Bag aggregation

Aggregation operators in Mill.jl are all subtypes of AbstractAggregation. These structures are responsible for mapping of vector representations of multiple instances into a single vector. They all operate element-wise and independently of dimension and thus the output has the same size as representations on the input, unless the Concatenation of multiple operators is used.

Some setup:

julia> d = 22
julia> X = Float32.([1 2 3 4; 8 7 6 5])2×4 Matrix{Float32}: 1.0 2.0 3.0 4.0 8.0 7.0 6.0 5.0
julia> bags = AlignedBags([1:1, 2:3, 4:4])AlignedBags{Int64}(UnitRange{Int64}[1:1, 2:3, 4:4])

Different choice of operator, or their combinations, are suitable for different problems. Nevertheless, because the input is interpreted as an unordered bag of instances, every operator is invariant to permutation and also does not scale when increasing size of the bag.

Non-parametric aggregation

Max aggregation

SegmentedMax implements a simple max and is the most straightforward operator defined in one dimension as follows:

\[a_{\max}(\{x_1, \ldots, x_k\}) = \max_{i = 1, \ldots, k} x_i\]

where $\{x_1, \ldots, x_k\}$ are all instances of the given bag. In Mill, the operator is constructed this way:

julia> a_max = SegmentedMax(d)SegmentedMax(ψ = Float32[0.0, 0.0])

The application is straightforward:

julia> a_max(X, bags)2×3 Matrix{Float32}:
 1.0  3.0  4.0
 8.0  7.0  5.0

Since we have three bags, we have three columns in the output, each storing the maximal element over all instances of the given bag.

Mean aggregation

SegmentedMean implements mean function, defined as:

\[a_{\operatorname{mean}}(\{x_1, \ldots, x_k\}) = \frac{1}{k} \sum_{i = 1}^{k} x_i\]

and used the same way:

julia> a_mean = SegmentedMean(d)SegmentedMean(ψ = Float32[0.0, 0.0])
julia> a_mean(X, bags)2×3 Matrix{Float32}: 1.0 2.5 4.0 8.0 6.5 5.0
Sufficiency of the mean operator

In theory, mean aggregation is sufficient for approximation as proven in [6], but in practice, a combination of multiple operators performes better.

The max aggregation is suitable for cases when one instance in the bag may give evidence strong enough to predict the label.
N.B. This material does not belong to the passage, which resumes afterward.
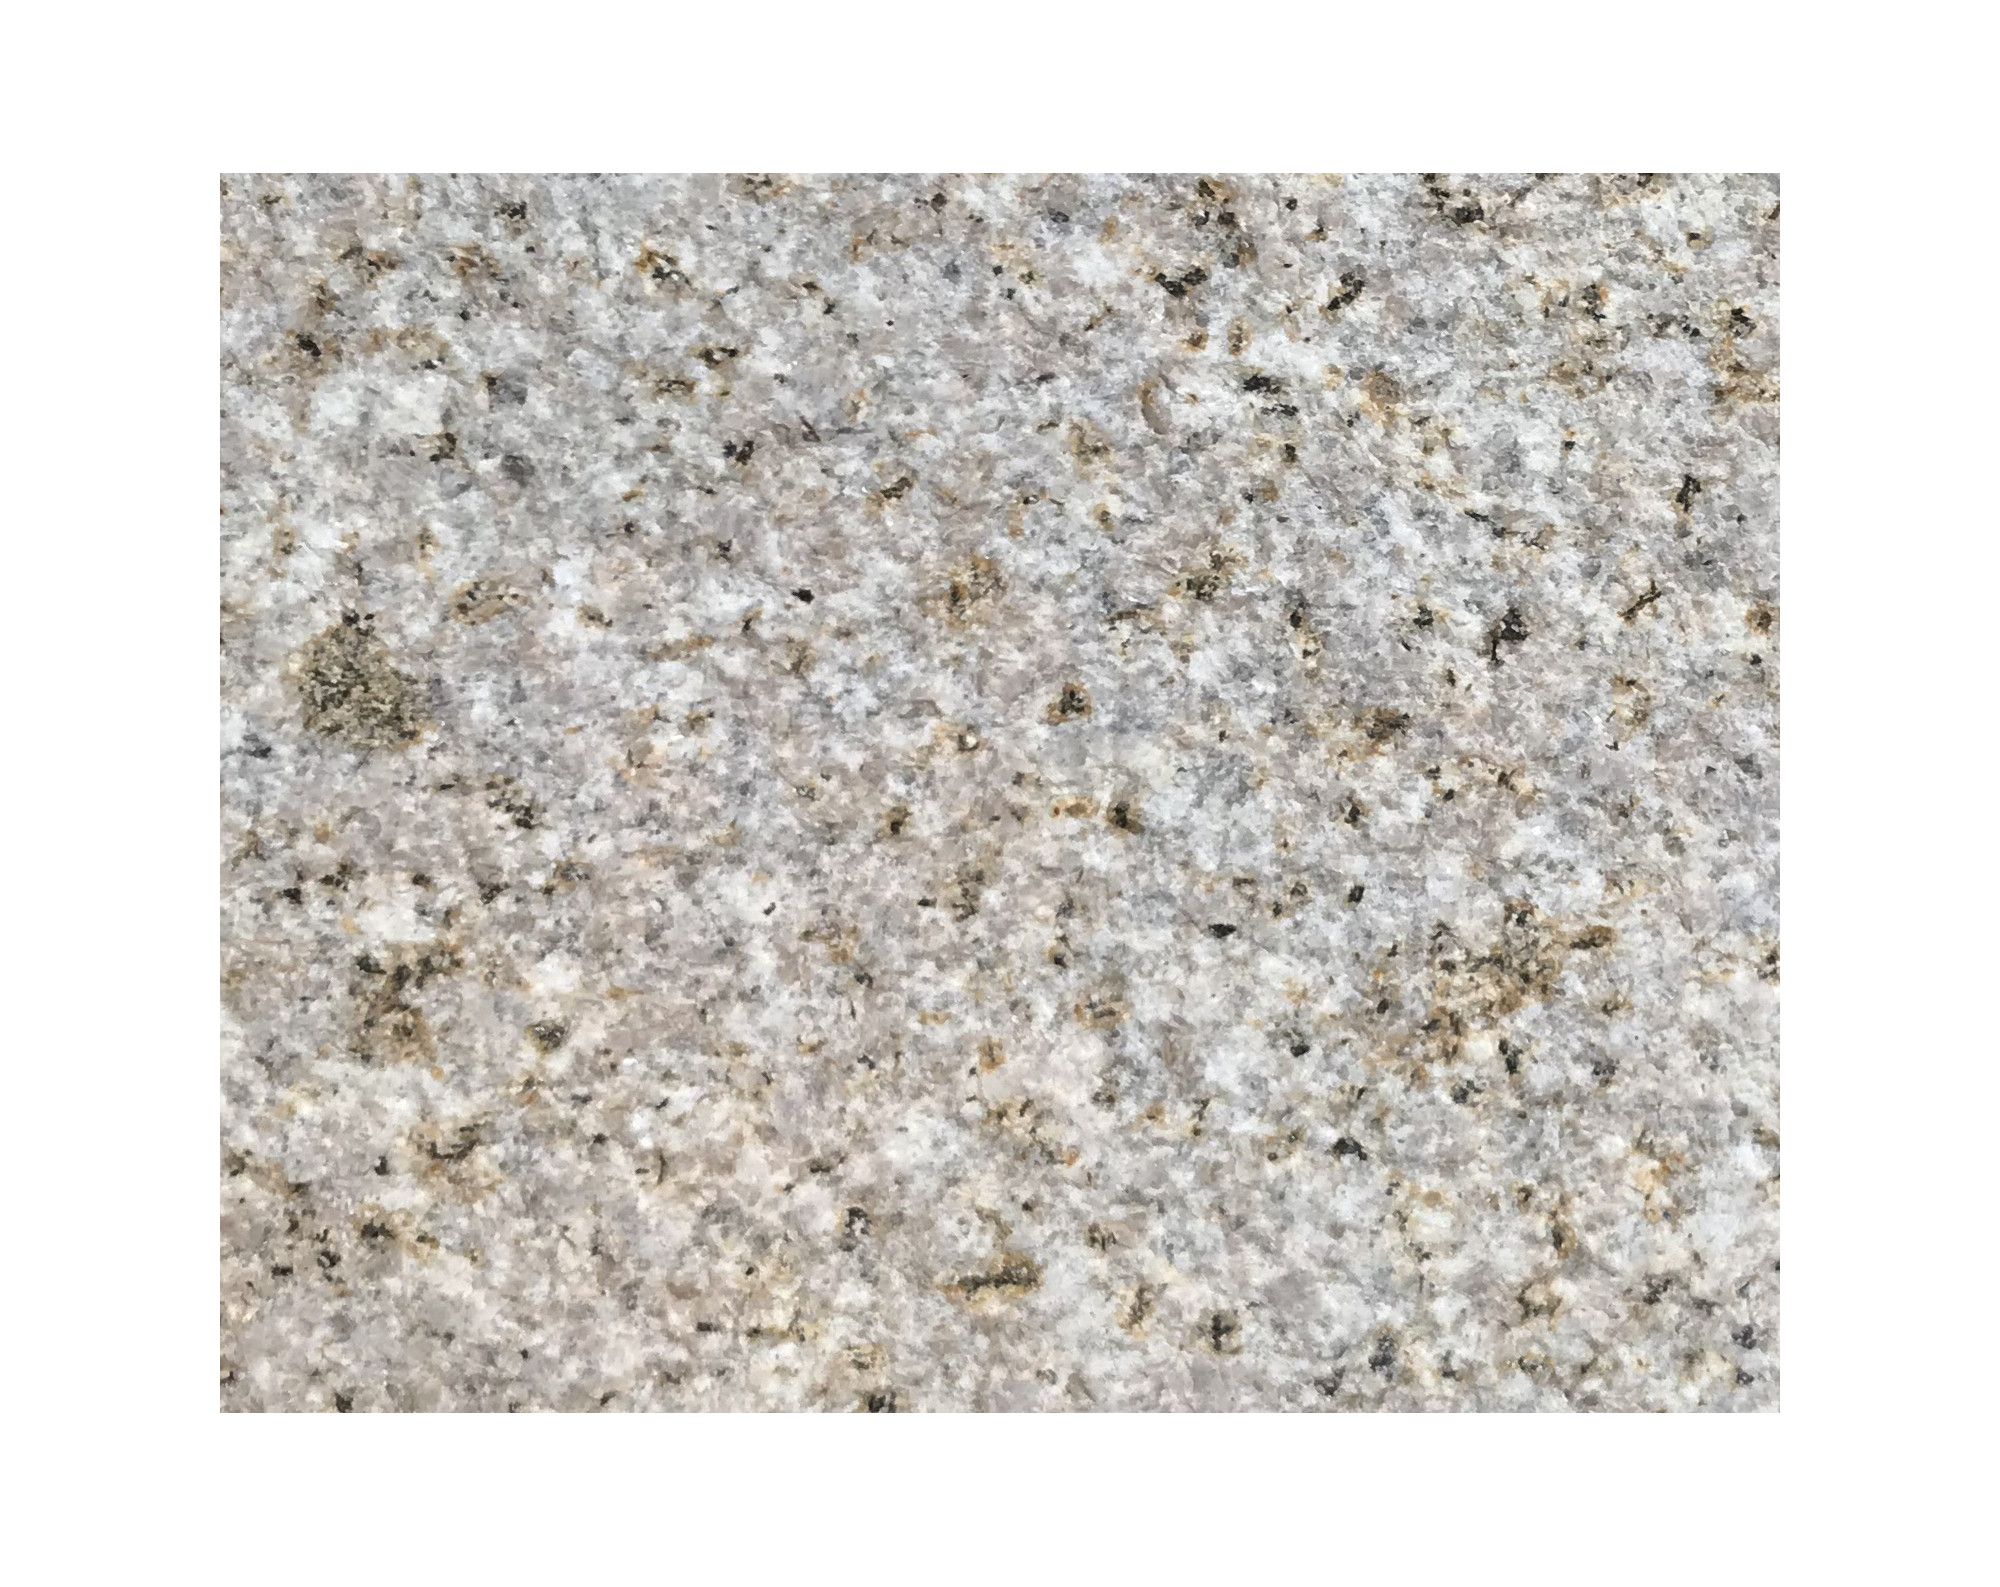 Harmo roc napoliset, natura-serie, ovaal d:5,00mx9,00m, zachtzand, graniet

On the other side of the spectrum lies the mean aggregation function, which detects well trends identifiable globally over the whole bag.

Sum aggregation

The last non-parametric operator is SegmentedSum, defined as:

\[a_{\operatorname{mean}}(\{x_1, \ldots, x_k\}) = \sum_{i = 1}^{k} x_i\]

and used the same way:

julia> a_sum = SegmentedSum(d)SegmentedSum(ψ = Float32[0.0, 0.0])
julia> a_sum(X, bags)2×3 Matrix{Float32}: 1.0 5.0 4.0 8.0 13.0 5.0

Parametric aggregation

Whereas non-parametric aggregations do not use any parameter, parametric aggregations represent an entire class of functions parametrized by one or more real vectors of parameters, which can be even learned during training.

Log-sum-exp (LSE) aggregation

SegmentedLSE (log-sum-exp) aggregation ([8]) is parametrized by a vector of positive numbers $\bm{r} \in (\mathbb{R}^+)^d$ m that specifies one real parameter for computation in each output dimension:

\[a_{\operatorname{lse}}(\{x_1, \ldots, x_k\}; r) = \frac{1}{r}\log \left(\frac{1}{k} \sum_{i = 1}^{k} \exp({r\cdot x_i})\right)\]
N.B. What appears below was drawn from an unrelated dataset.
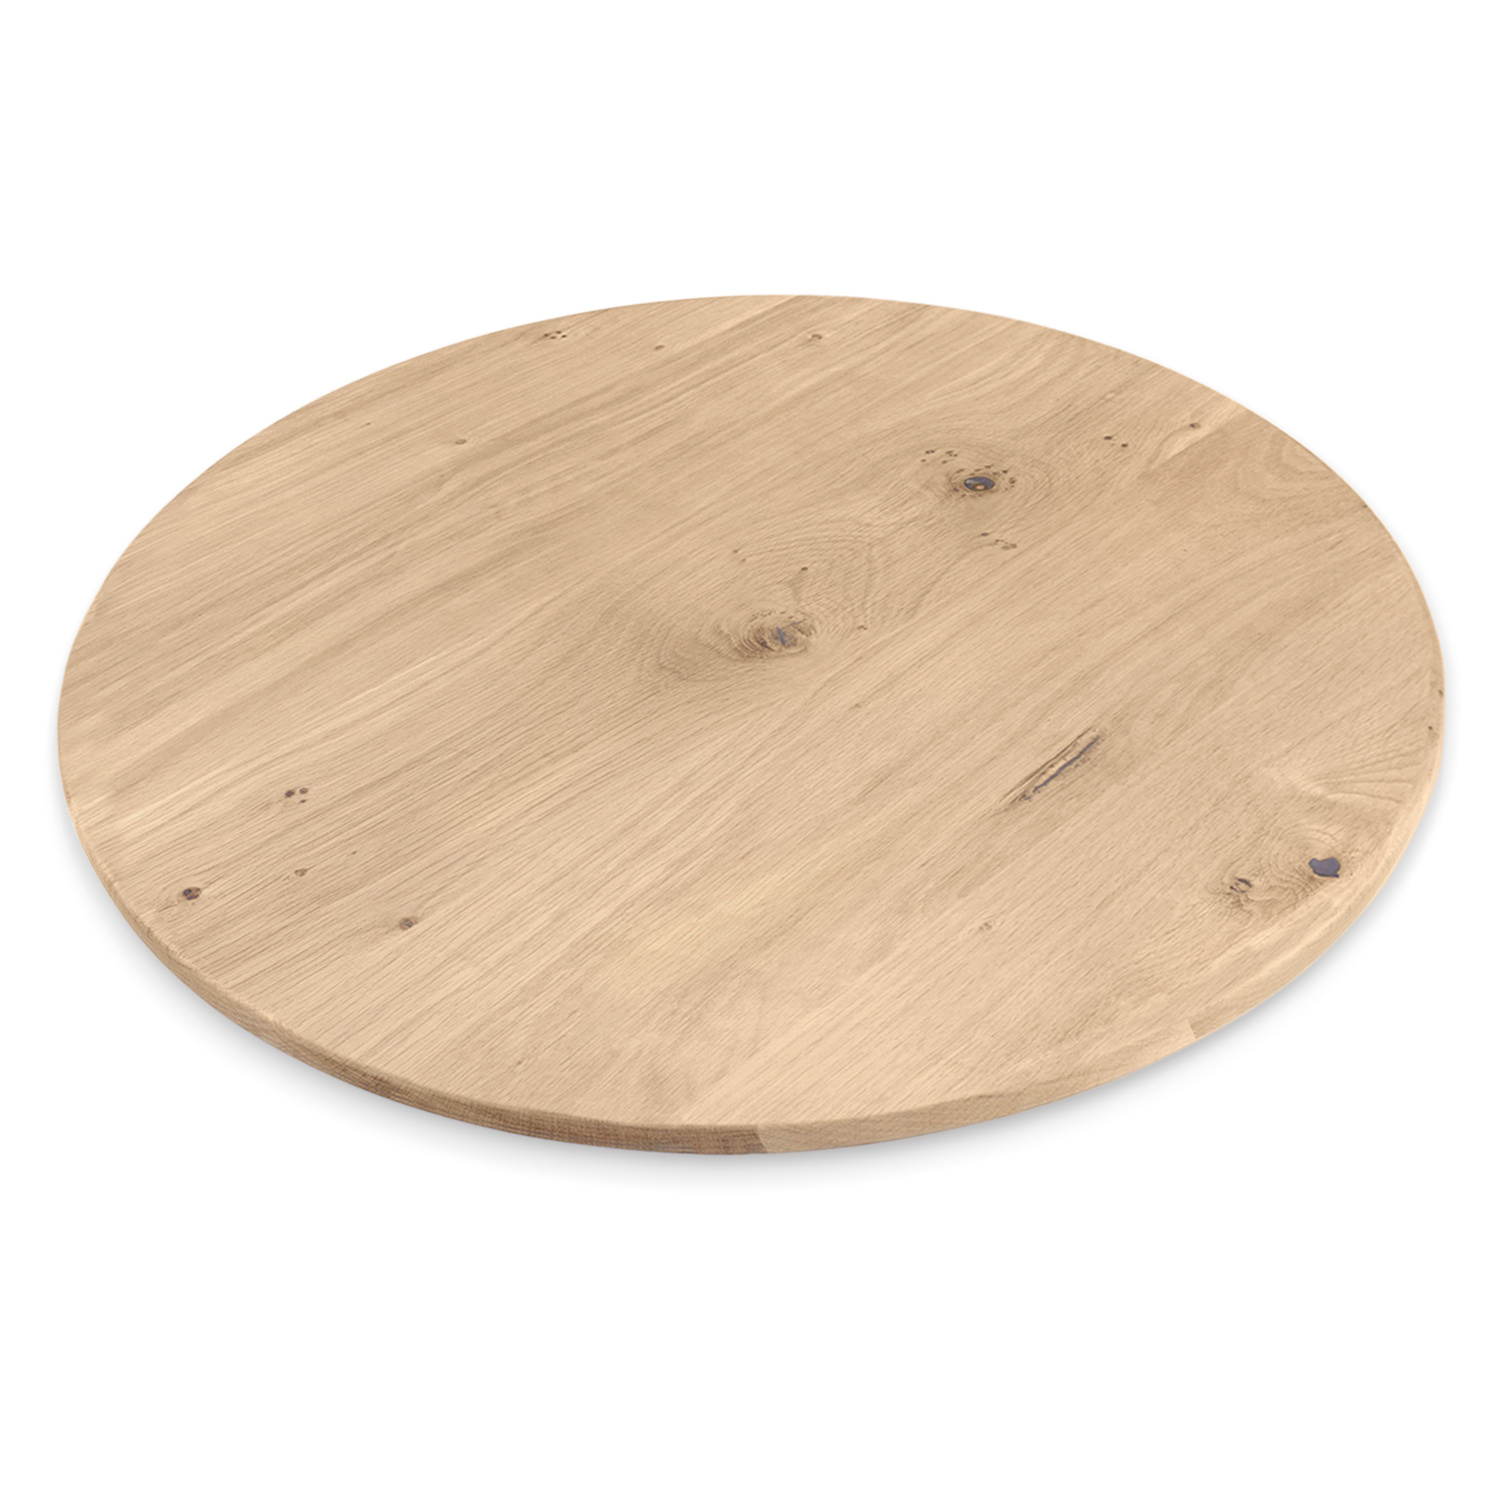  Tischplatte Wildeiche rund - 2,5 cm dick (1-Schicht) - XXL Lamellen (14-20 cm breit) - Asteiche (rustikal) - verleimt & künstlich getrocknet (HF 8-12%) - verschiedene Größen

With different values of $r$, LSE behaves differently and in fact both max and mean operators are limiting cases of LSE. If $r$ is very small, the output approaches simple mean, and on the other hand, if $r$ is a large number, LSE becomes a smooth approximation of the max function. Naively implementing the definition above may lead to numerical instabilities, however, the Mill implementation is numerically stable.
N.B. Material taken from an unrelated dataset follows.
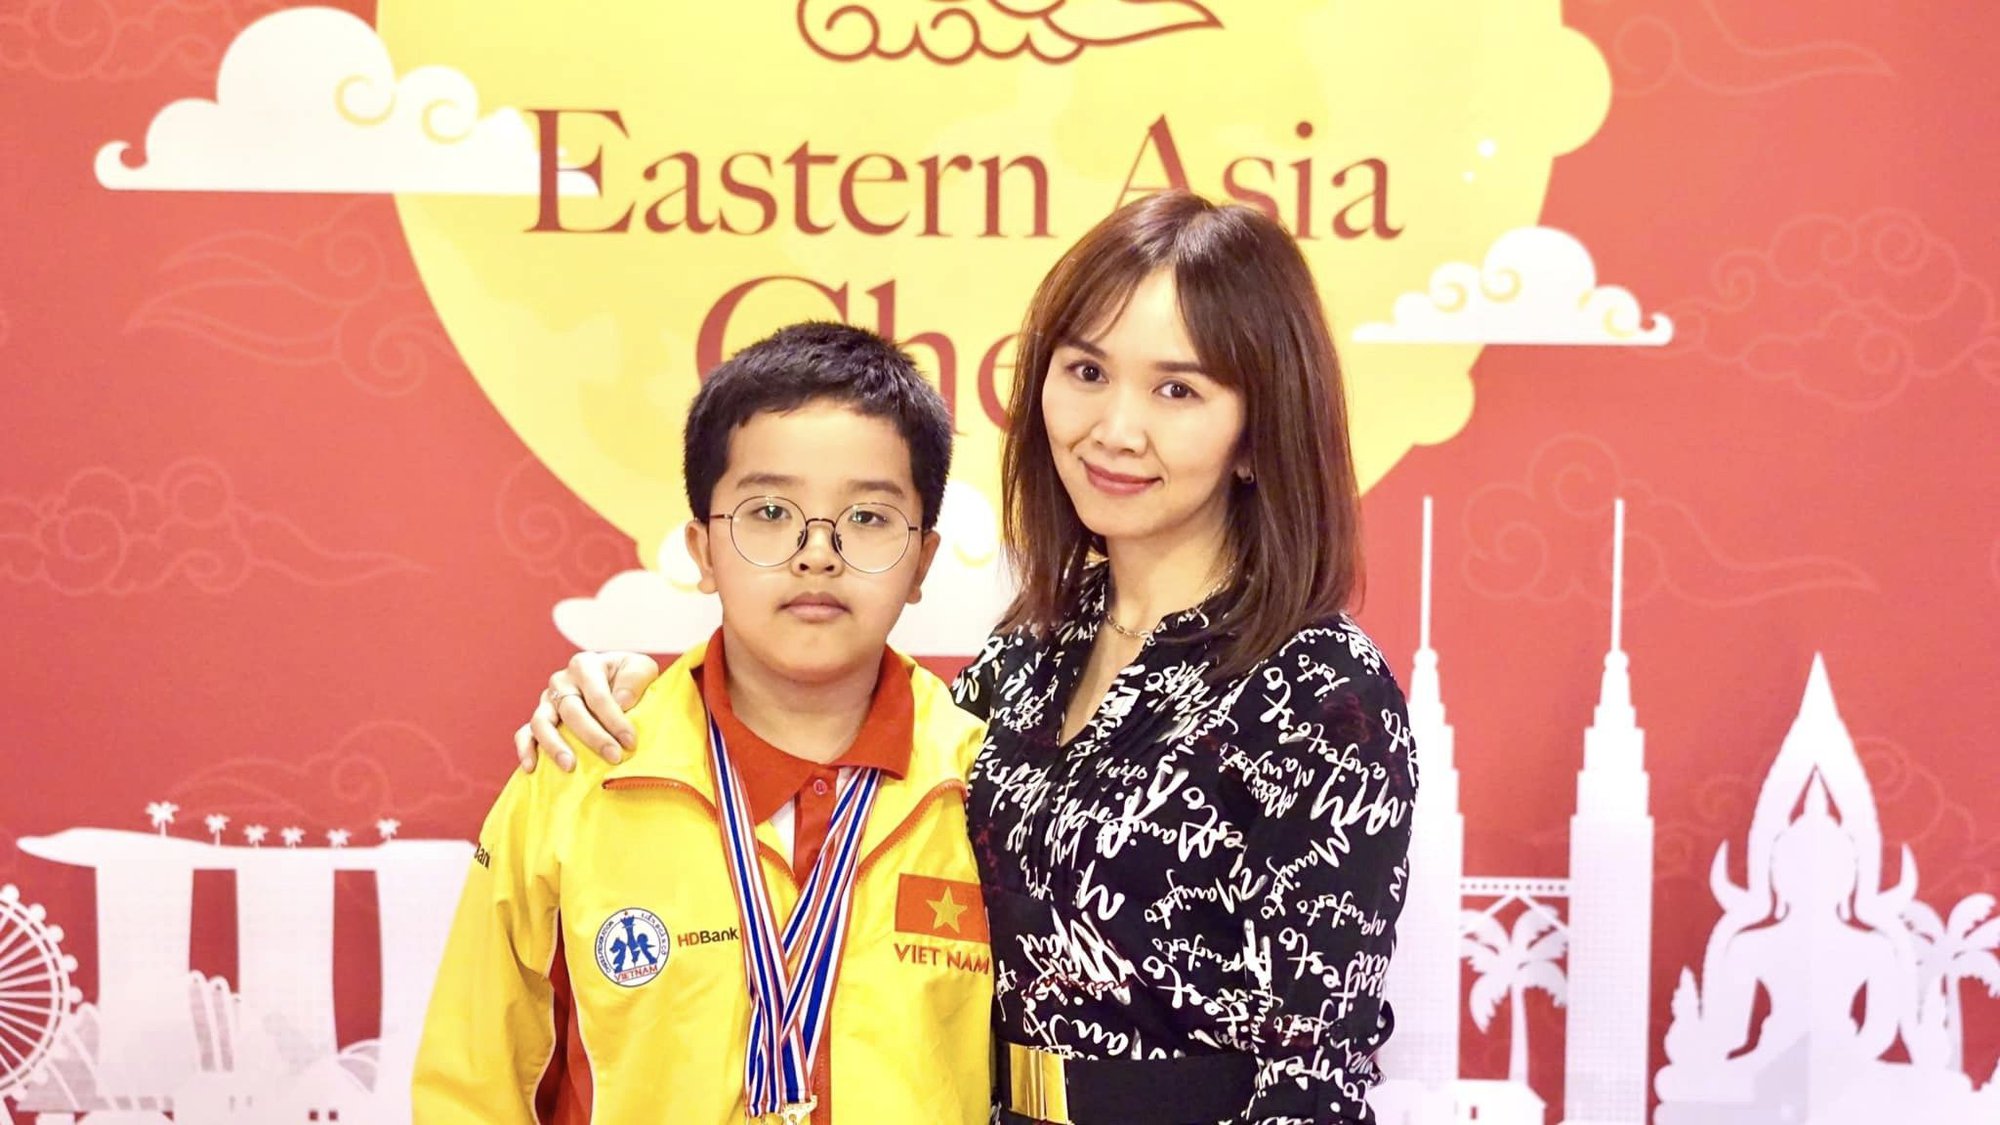 Cậu bé 11 tuổi ở Hà Nội: Không đếm xuể huy chương cờ vua, siêu tiếng Anh và đọc thành thạo lúc 5 tuổi - Ảnh 1.

julia> a_lse = SegmentedLSE(d)SegmentedLSE(ψ = Float32[0.0, 0.0], ρ = Float32[0.249335, -0.0607043])
julia> a_lse(X, bags)2×3 Matrix{Float32}: 1.0 2.60039 4.0 8.0 6.58143 5.0

$p$-norm aggregation

(Normalized) $p$-norm operator ([9]) is parametrized by a vector of real numbers $\bm{p} \in (\mathbb{R}^+)^d$, where $\forall i \in \{1, \ldots ,m \} \colon p_i \geq 1$, and another vector $\bm{c} \in (\mathbb{R}^+)^d$. It is computed with formula:

\[a_{\operatorname{pnorm}}(\{x_1, \ldots, x_k\}; p, c) = \left(\frac{1}{k} \sum_{i = 1}^{k} \vert x_i - c \vert ^ {p} \right)^{\frac{1}{p}}\]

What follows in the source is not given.